A robust probabilistic wind power forecasting method considering wind scenarios

Wind power forecasting is one of the cheapest and direct methods to alleviate negative impacts on power system reliability and stability from intermittent wind generation. Compared with deterministic forecasts, probabilistic forecasts can provide additional information concerning wind uncertainty for economic operation and efficient trading. However, it is far from ideal with respect to the accuracy, reliability and sharpness, since the wind shows strong variable property. In this paper, a robust probabilistic wind power forecasting method is proposed as (RPWPF) that can reflect the variability of wind generation under different wind conditions. The wind scenarios are identified concerning wind generation process and dominance of wind direction in a wind farm. And then, forecasting models for each scenario can be established and executed separately so that model parameters, such as kernel function and kernel width will be adjusted with the changing external wind conditions, wind speed and direction, in a real time operation.
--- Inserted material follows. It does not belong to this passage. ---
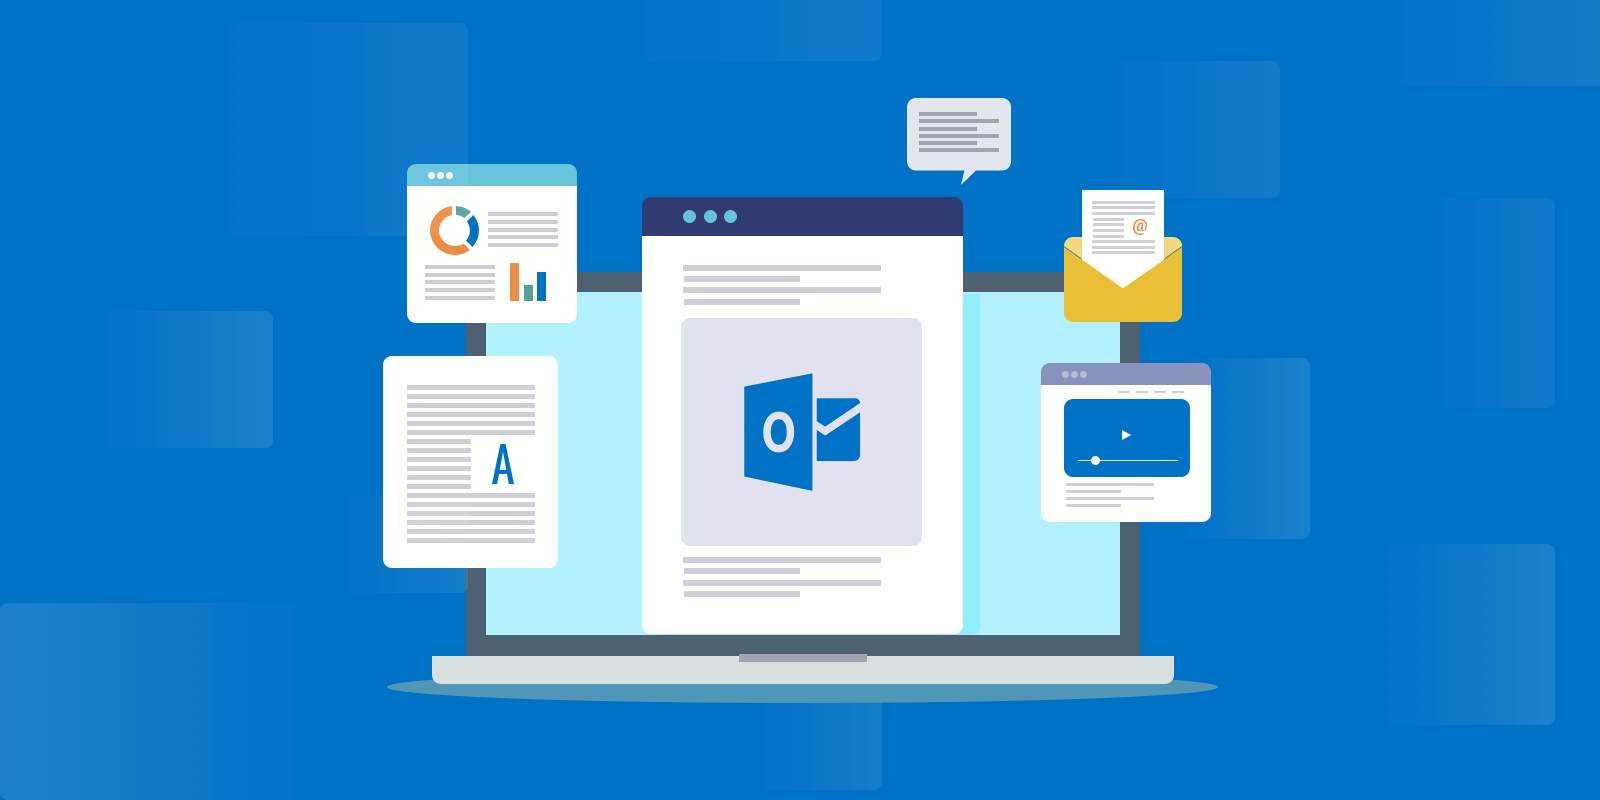 How To Send HTML Emails In Outlook

In this way, the forecasting model will provide more fined information on power outputs and their variabilities under different wind conditions. This proposed model is validated through comparison between the simulated power outputs and their variabilities under differing wind speeds and directions with the actual outputs on a practical 183 MW wind farm in northwest China. The results show that RPWPF achieves lower root mean square error comparing with artificial neural network model, while higher skill score for forecasting interval comparing with quantile regression. Finally, a sensitivity analysis is carried out to investigate the contribution of individual input (NWP variables) to help optimize the dimension of forecasting model.